Wow, that's the kind of work that I want to see coming from critcs. He tells us what works and doesn't work about the art and why, and how it relates to other similar art.
I also really liked his explanation of how privilege can cause this kind of problem: 'I don't see racism therefore it doesn't exist', etc., and how the white male guys can constantly interrupt the colored woman in a privilege double-play without even realizing it.
It also shows a lot of self-awareness from the critic author. If I had been in that Q/A session he talks about, I probably would have felt very uncomfortable, but I wouldn't have picked up how the white males were able constantly interrupt the woman but not vice versa. Or if I had watched the production, I would (hopefully) again have felt uncomfortable, but I probably wouldn't have consciously noticed how many times racial slurs were used.

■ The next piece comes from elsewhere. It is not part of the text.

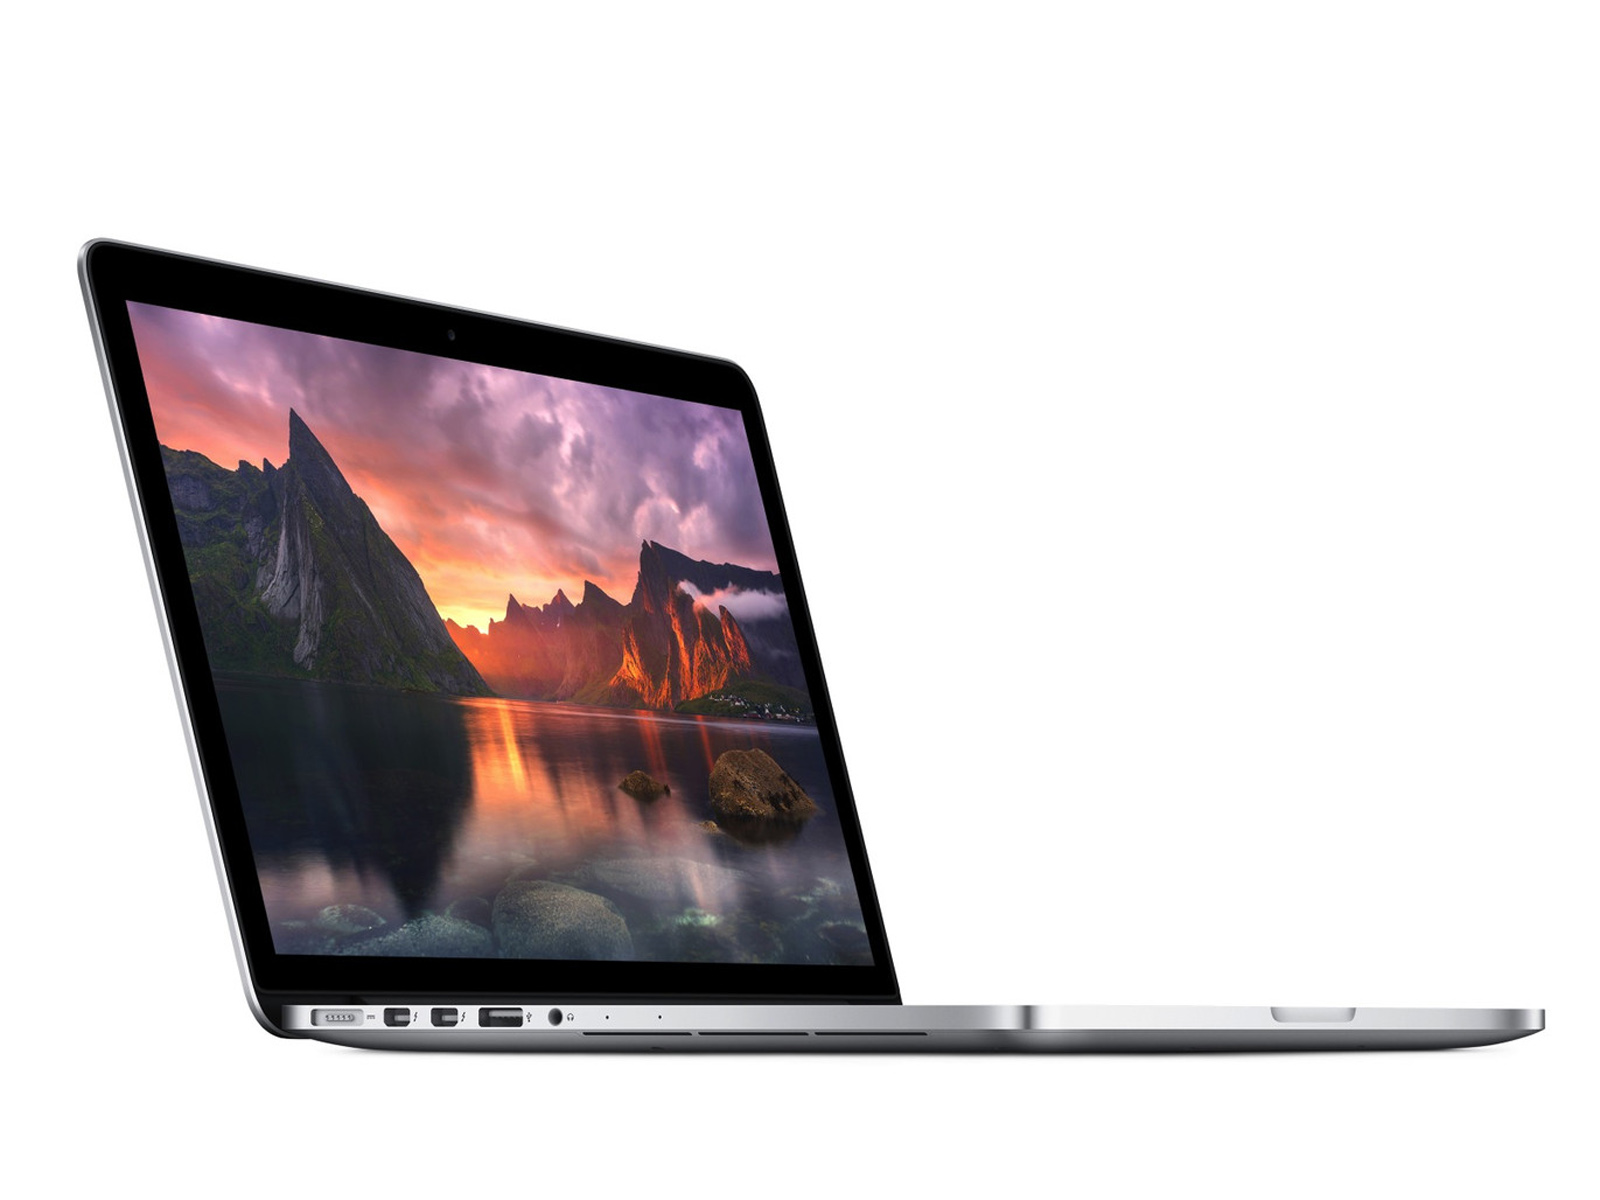 Verify macbook pro

When I was a kid I thought and still think that Archie bunker was a comedic outlet to comfort the throwbacks as they watched their socially acceptable working class racist world dissolve before their own eyes. They laughed as Archie faced the same trials they did every day. I really see it as a very fortunate safety valve to chuckle them through the worst of their experience without resorting to organized violence.

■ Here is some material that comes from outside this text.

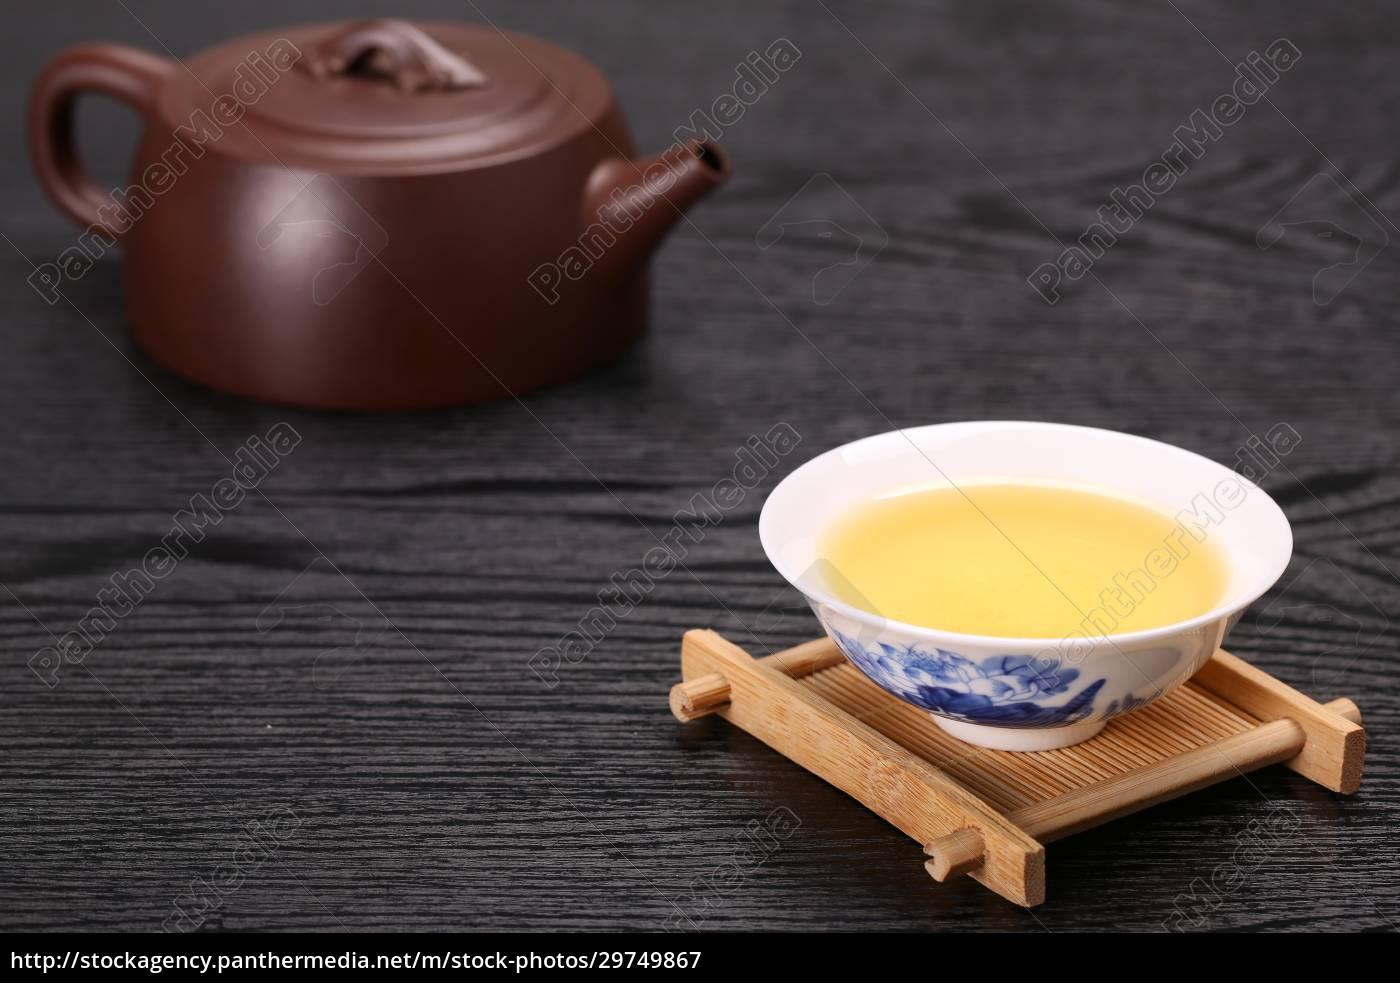 china's, tea, culture - 29749867

Agreed, very good article.
I think for me the whole 'ironic bigotry' (since we're really not only talking racism) works just fine if it's in a comedic format that's clearly self aware about it.
Actually, now that I think about it Token Black from South Park is probably one of the better examples out there.

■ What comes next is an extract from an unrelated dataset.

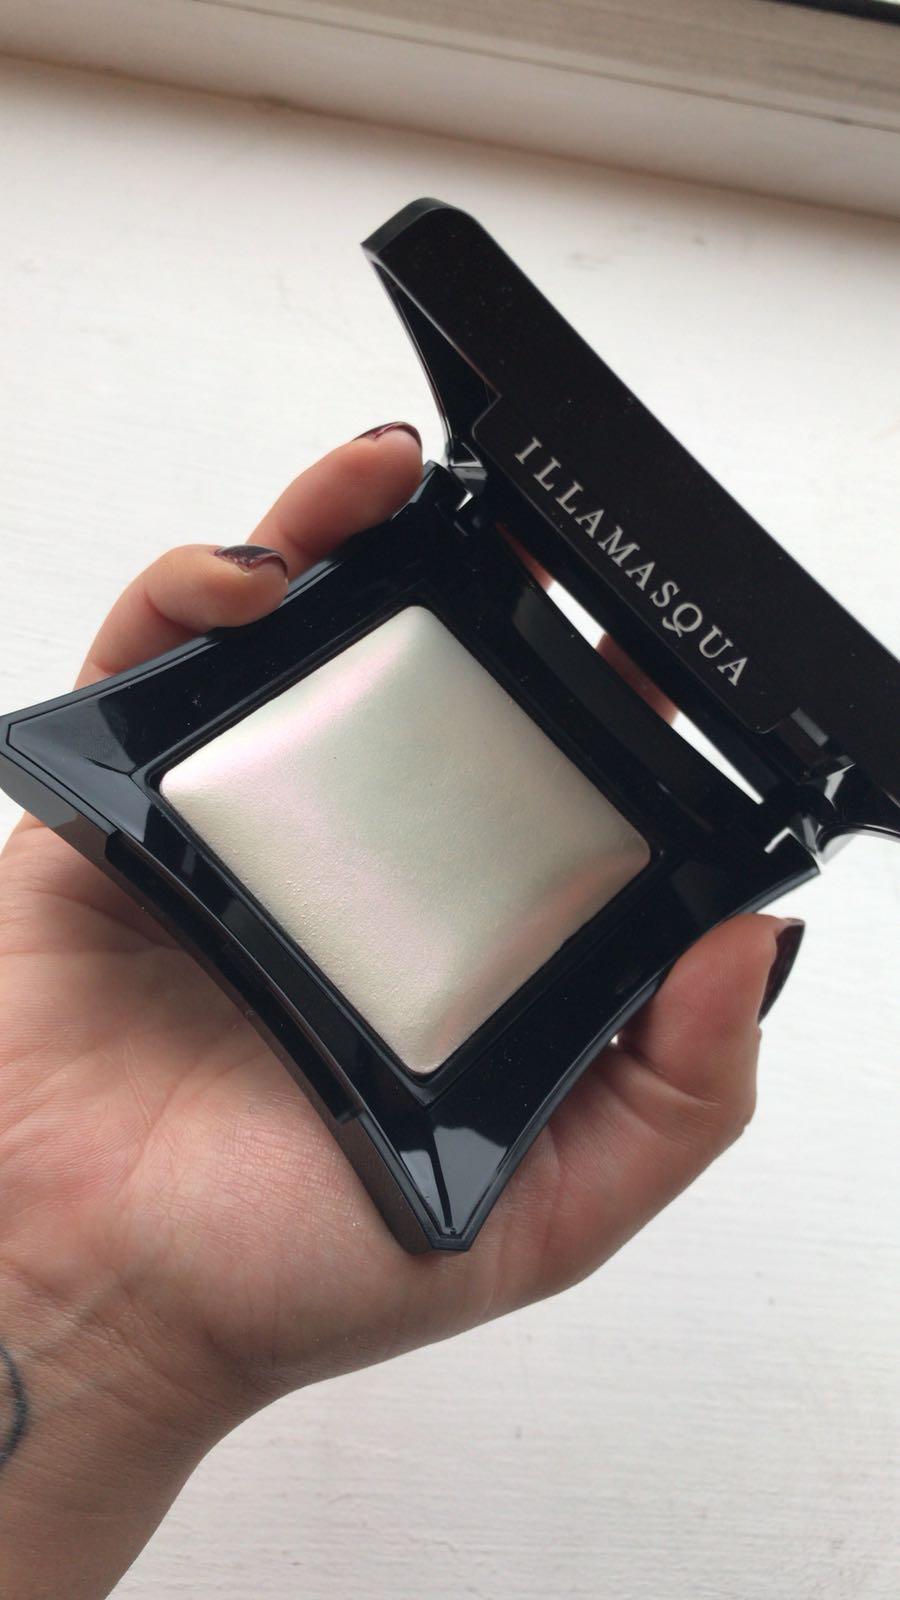 Illamasqua daze highlighter

One: The thing that made Archie Bunker work was the rest of All in the Family: Archie always represented the far right position, Michael (Meathead) the far left, Edith the moderate right, and Gloria the moderate left. Anything else, from plots to secondary characters, were there to provoke the discussion between the various viewpoints. There was always a point to it.
Two, and this is something way too many people don't get: The "edgier" you are, the more skill it takes to pull it off in a way that a) isn't just offensive, b) can be taken in context, and c) has a point. Saint Carlin or Louis CK or Jon Stewart can make rape jokes and talk about racism because they're experts at it- Just because they can get away with it doesn't mean that just anybody can do it.
And even then, they can easily take things way too far if they're not careful.
They can. Although it wouldn't surprise me if that was followed either by some sort of object lesson in the show, or an actual sincere apology.
I wouldn't expect that from Seth McFarlane or Dennis Miller, but I could definitely see it coming from Louis CK.